My point, of course, is that each of us is our own master at constructing the boundaries of our reality, determining whether we will be open-minded or close-minded, literal-thinking or capable of imagining the universe in letters as well as numbers, or perhaps even within the design of the mystic’s inner self and soul. What did they see with such clarity? And how is it that their teachings have withstood the test of time for centuries upon centuries?
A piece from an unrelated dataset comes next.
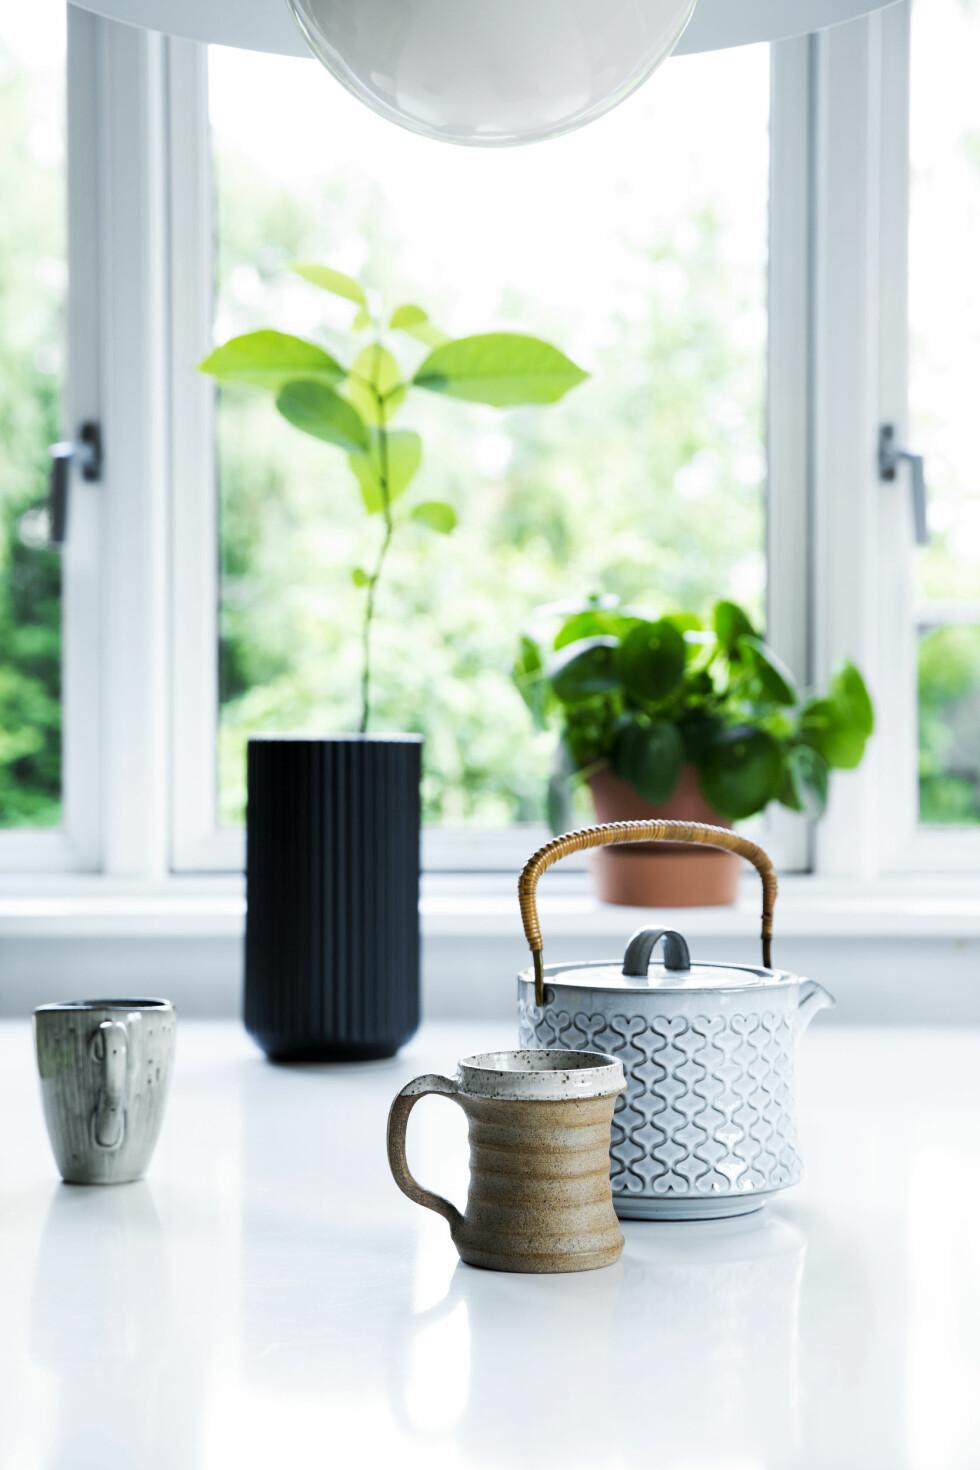 SVART DETALJ: Loppisfunn og en svart vase fra Lyngby by Hilfling. Foto: Tia Borgsmidt

My reasons for Big and Small things

I decided to enter the subject matter of Big Things and Small Things through the portal of Buddhism for a few reasons, all of them connected to my experience as a teacher – no surprise there. But that role has taken more than one expression now. I’m a writer, a teacher, I do a call-in radio show, I have an interactive web site, and I have this Salon, FB, and sometimes I find time to write newsletters. I have many ways of reaching people and in return, people reach out to me. I pay attention to the letters I receive (even though I can barely get to answering most of them), but I read all of them. I listen intently to people I meet at workshops. And I take very seriously the people who call in for advice or counsel on my radio show. In other words, you are precious goods to me.

The majority of the questions I receive from people can be categorized in two distinct ways. They are either focused on matters related to a person’s physical survival or about a person’s emotional/psychological survival. The physical survival arena of life includes questions about jobs, relationships and life directions. The emotional/psychological and sometimes spiritual domain covers questions that speak of personal challenges, such as healing, working through emotional crises, issues of forgiveness and an appetite for vengeance, loneliness, and the search for meaning and purpose.

These two categories cover the challenges most people will experience in life. These are the issues that drive the engines of life, in other words. Most people would find it difficult to imagine that any of these, much less all of them, are, in the language of Buddha, illusions.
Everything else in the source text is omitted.